(Records from a data collection)
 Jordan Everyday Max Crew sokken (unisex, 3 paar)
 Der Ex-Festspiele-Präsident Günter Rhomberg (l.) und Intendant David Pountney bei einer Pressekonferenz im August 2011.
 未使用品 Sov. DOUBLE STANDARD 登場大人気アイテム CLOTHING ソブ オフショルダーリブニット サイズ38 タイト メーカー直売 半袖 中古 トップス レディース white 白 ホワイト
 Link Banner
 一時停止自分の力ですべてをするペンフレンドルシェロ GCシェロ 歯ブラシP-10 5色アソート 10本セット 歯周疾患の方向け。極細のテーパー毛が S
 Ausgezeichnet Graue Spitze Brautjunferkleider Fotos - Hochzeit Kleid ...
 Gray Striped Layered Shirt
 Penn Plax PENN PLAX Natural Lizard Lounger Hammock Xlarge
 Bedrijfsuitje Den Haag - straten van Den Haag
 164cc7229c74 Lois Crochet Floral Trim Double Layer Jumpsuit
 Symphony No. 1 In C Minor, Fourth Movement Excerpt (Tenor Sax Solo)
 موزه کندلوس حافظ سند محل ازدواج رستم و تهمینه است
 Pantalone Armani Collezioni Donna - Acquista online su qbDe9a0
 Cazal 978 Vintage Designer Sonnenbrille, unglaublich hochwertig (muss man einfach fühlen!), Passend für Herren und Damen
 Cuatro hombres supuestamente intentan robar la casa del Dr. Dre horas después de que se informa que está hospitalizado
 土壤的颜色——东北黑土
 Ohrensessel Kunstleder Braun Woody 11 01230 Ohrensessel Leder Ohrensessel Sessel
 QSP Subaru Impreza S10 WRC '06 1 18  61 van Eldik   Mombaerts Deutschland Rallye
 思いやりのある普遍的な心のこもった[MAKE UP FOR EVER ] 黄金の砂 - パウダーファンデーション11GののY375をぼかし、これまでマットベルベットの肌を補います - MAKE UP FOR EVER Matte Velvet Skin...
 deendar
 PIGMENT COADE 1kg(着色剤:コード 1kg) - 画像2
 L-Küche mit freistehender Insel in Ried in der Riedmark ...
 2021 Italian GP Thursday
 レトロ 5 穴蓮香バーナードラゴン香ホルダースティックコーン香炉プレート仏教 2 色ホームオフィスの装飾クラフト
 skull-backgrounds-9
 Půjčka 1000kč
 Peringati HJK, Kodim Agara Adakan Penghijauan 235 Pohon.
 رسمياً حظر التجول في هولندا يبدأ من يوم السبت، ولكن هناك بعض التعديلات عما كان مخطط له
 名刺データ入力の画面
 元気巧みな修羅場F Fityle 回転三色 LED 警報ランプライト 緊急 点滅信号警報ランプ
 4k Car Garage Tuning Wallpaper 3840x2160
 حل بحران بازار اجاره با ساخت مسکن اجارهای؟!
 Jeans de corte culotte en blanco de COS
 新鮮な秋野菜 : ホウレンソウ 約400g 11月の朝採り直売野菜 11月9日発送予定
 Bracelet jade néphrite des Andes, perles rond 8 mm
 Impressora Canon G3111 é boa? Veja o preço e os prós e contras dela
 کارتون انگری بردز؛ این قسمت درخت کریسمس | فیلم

§ **EXERCISE INSTRUCTIONS**
The output must consist solely of the lines from the first line of the records through the line containing "Link Banner", reproduced exactly.

§ **SOLUTION TO THIS TASK**
 Jordan Everyday Max Crew sokken (unisex, 3 paar)
 Der Ex-Festspiele-Präsident Günter Rhomberg (l.) und Intendant David Pountney bei einer Pressekonferenz im August 2011.
 未使用品 Sov. DOUBLE STANDARD 登場大人気アイテム CLOTHING ソブ オフショルダーリブニット サイズ38 タイト メーカー直売 半袖 中古 トップス レディース white 白 ホワイト
 Link Banner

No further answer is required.